→ **PROVIDED MATERIAL**
::::

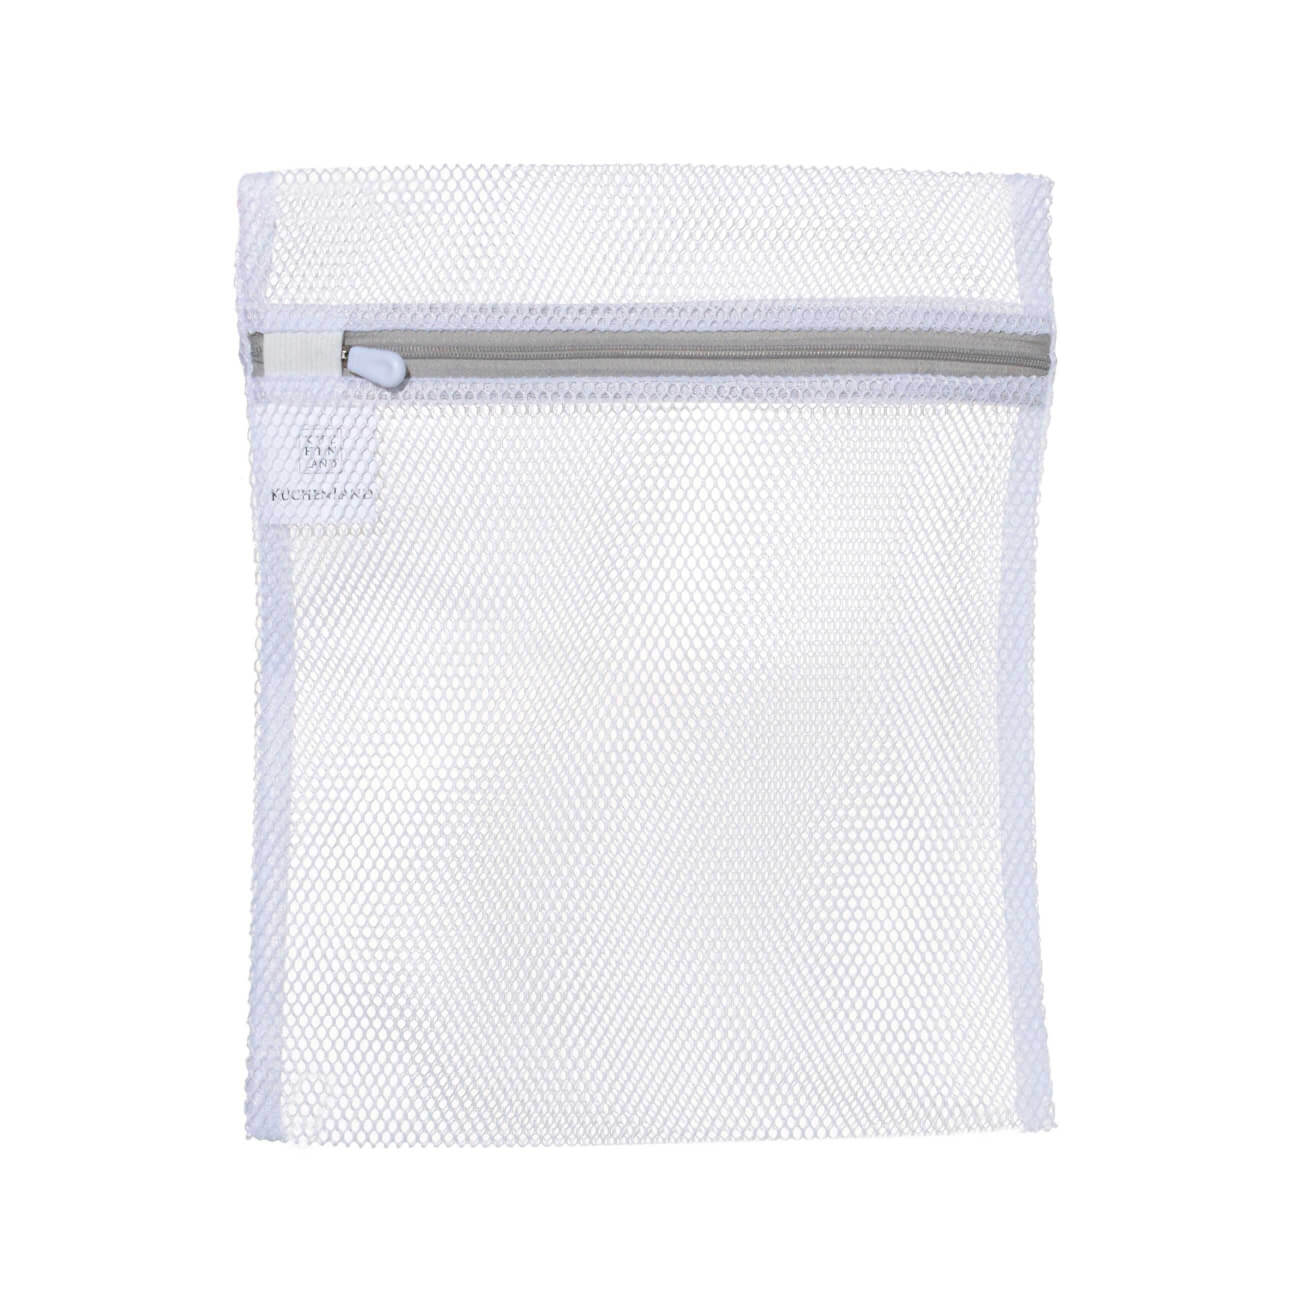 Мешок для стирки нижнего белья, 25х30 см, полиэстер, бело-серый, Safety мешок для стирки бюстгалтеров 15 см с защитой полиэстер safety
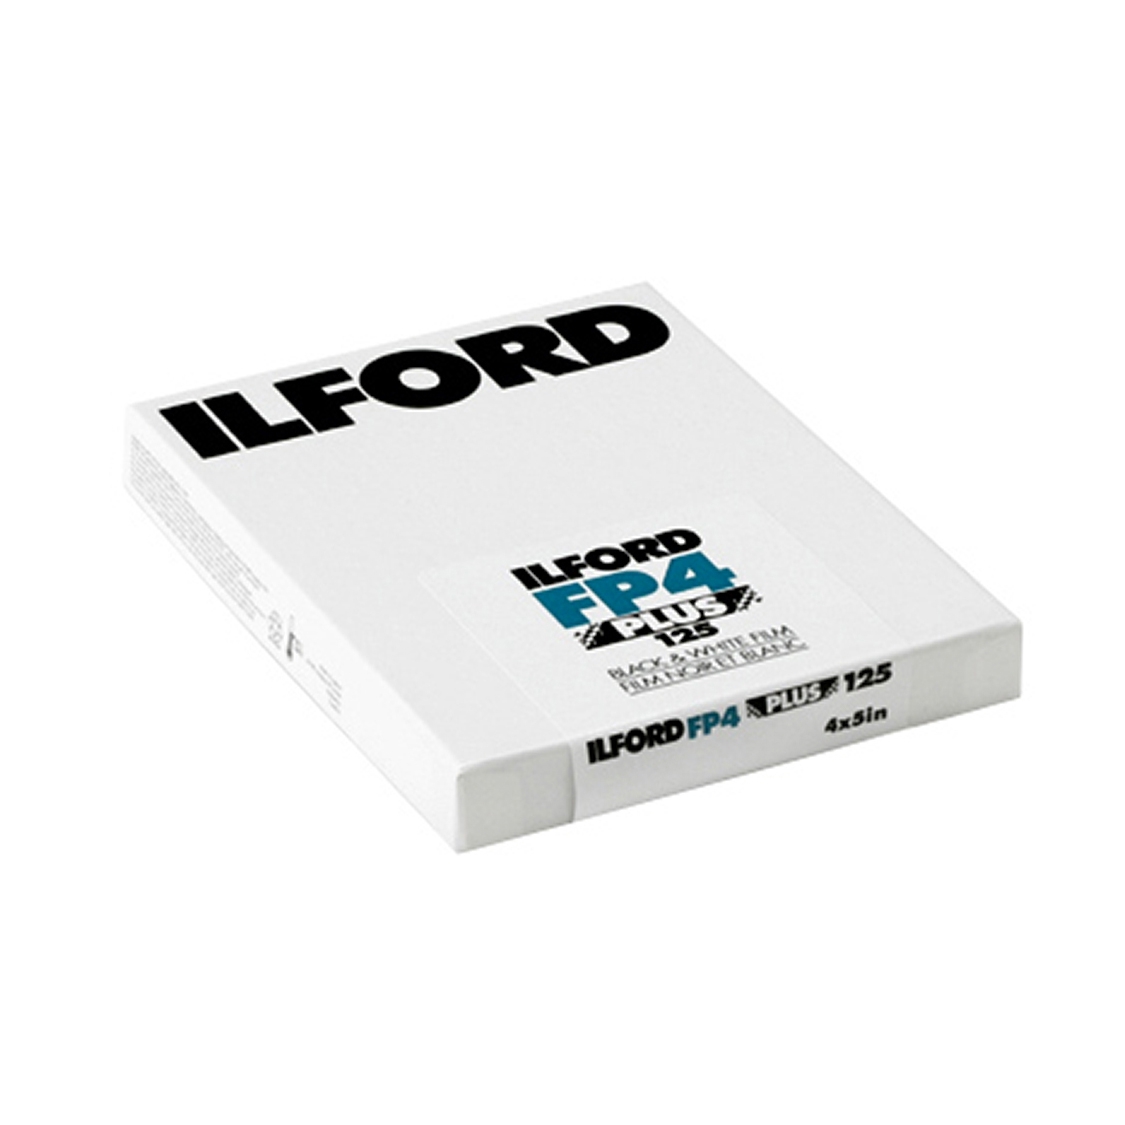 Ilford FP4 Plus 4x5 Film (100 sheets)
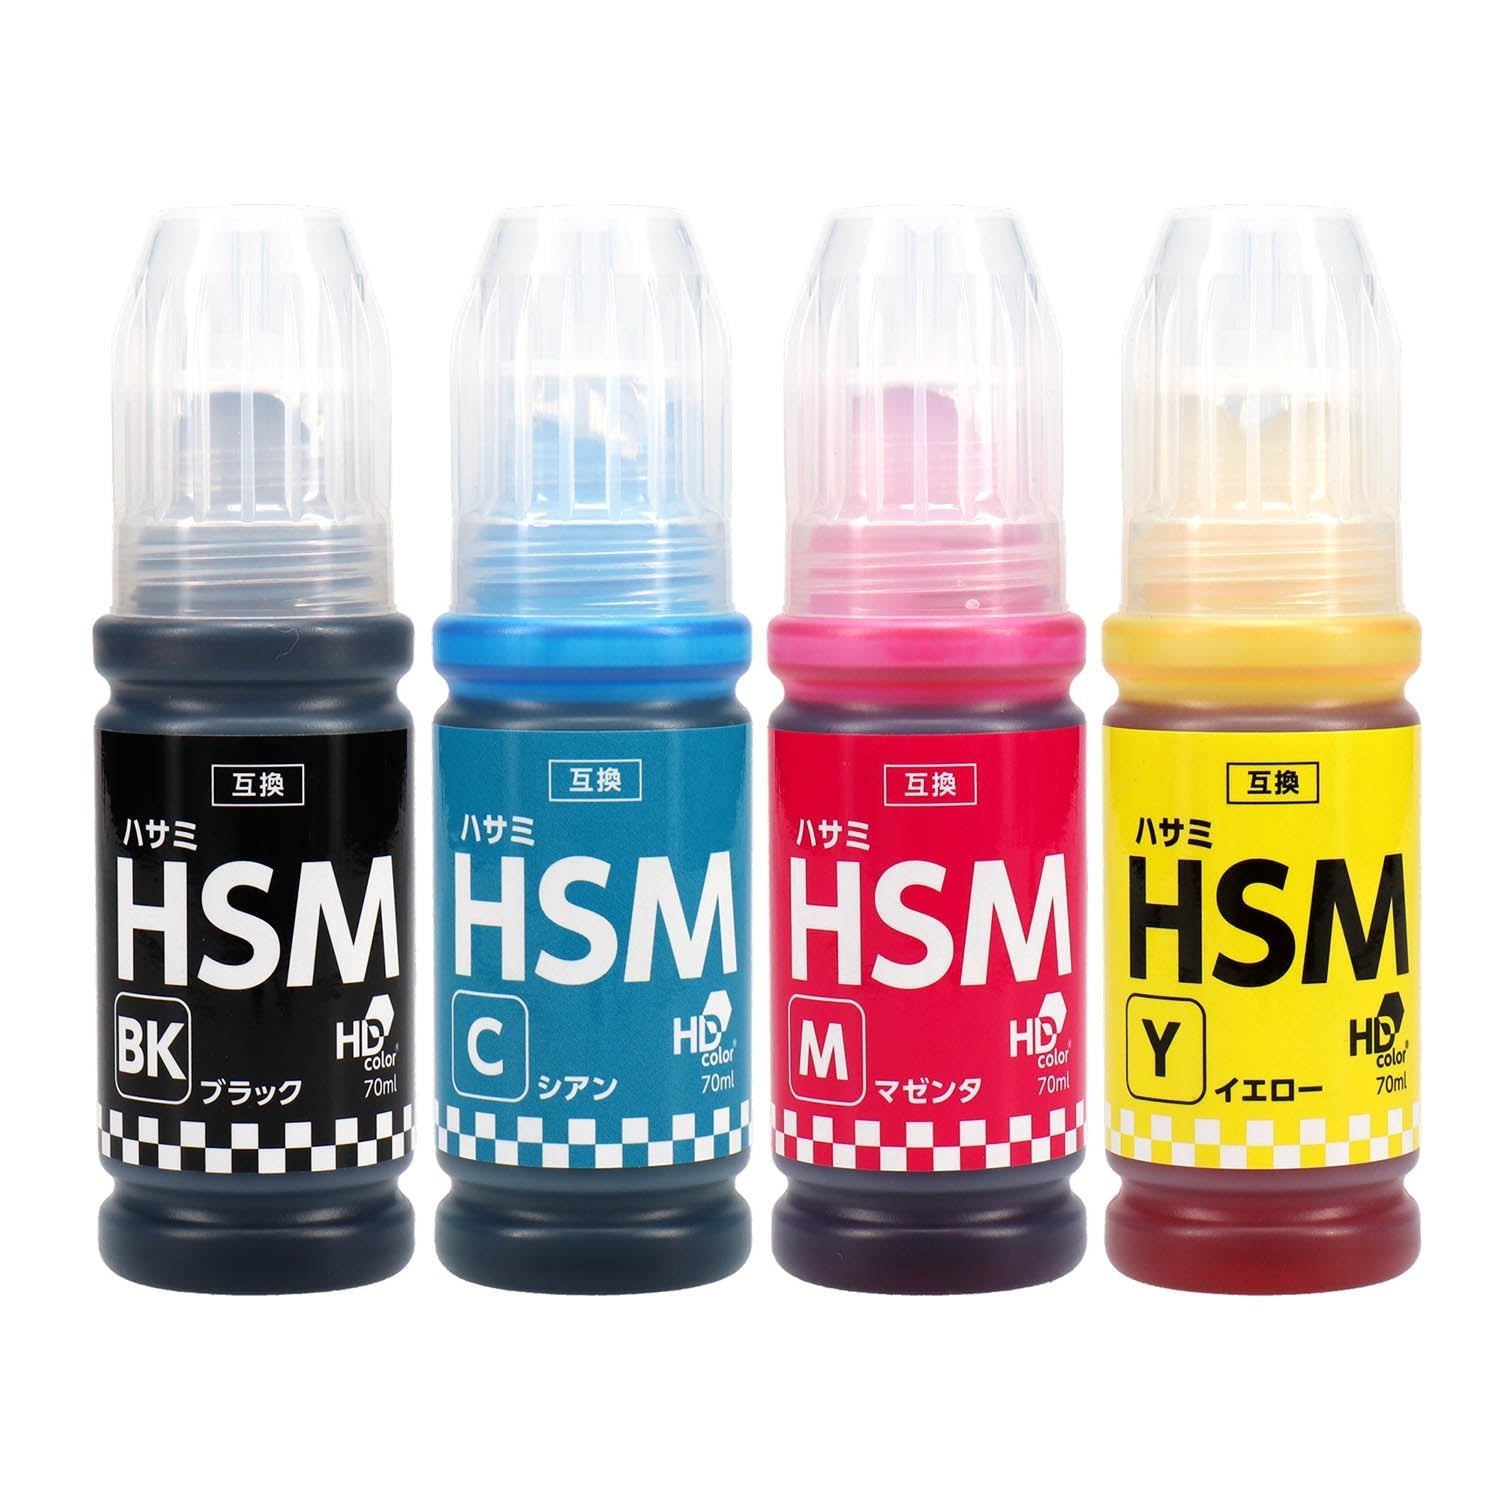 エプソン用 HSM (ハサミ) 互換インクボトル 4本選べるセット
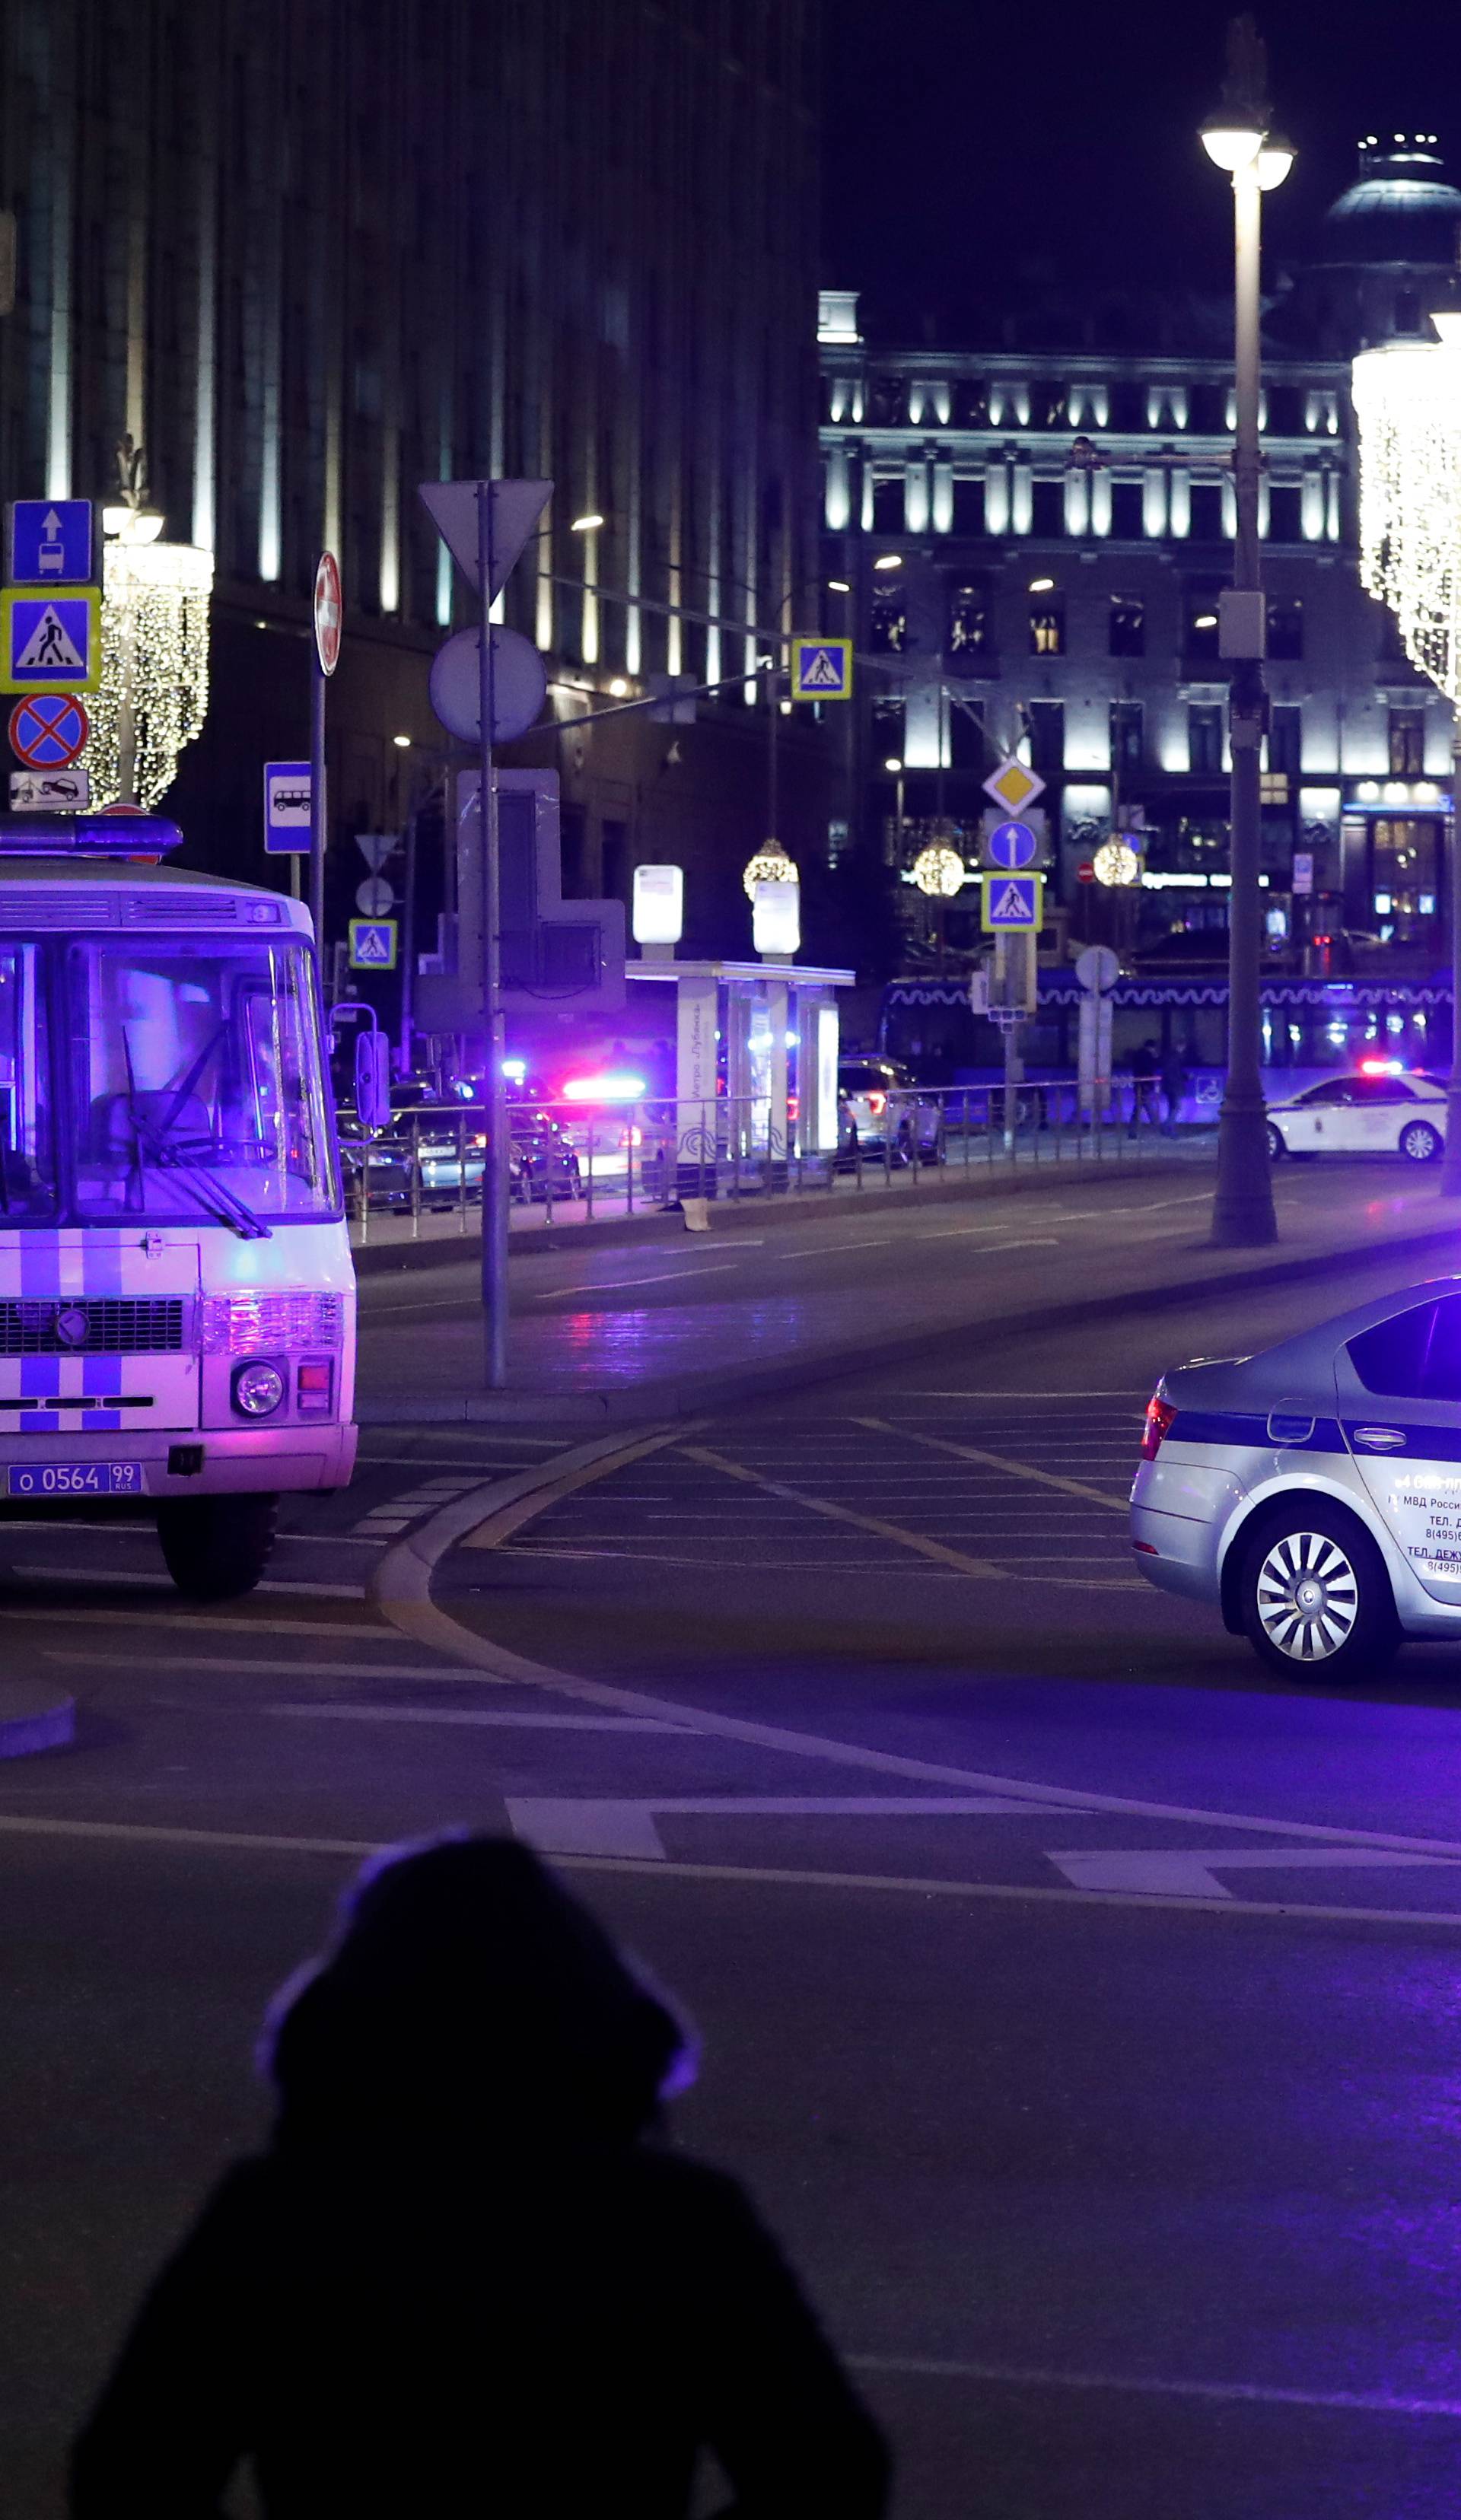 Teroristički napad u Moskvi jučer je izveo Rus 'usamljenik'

::::

→ **REQUIREMENT**
This task calls for an exact copy of the data above, without pictures.

→ **YOUR RESPONSE**
 Мешок для стирки нижнего белья, 25х30 см, полиэстер, бело-серый, Safety мешок для стирки бюстгалтеров 15 см с защитой полиэстер safety
 Ilford FP4 Plus 4x5 Film (100 sheets)
 エプソン用 HSM (ハサミ) 互換インクボトル 4本選べるセット
 Teroristički napad u Moskvi jučer je izveo Rus 'usamljenik'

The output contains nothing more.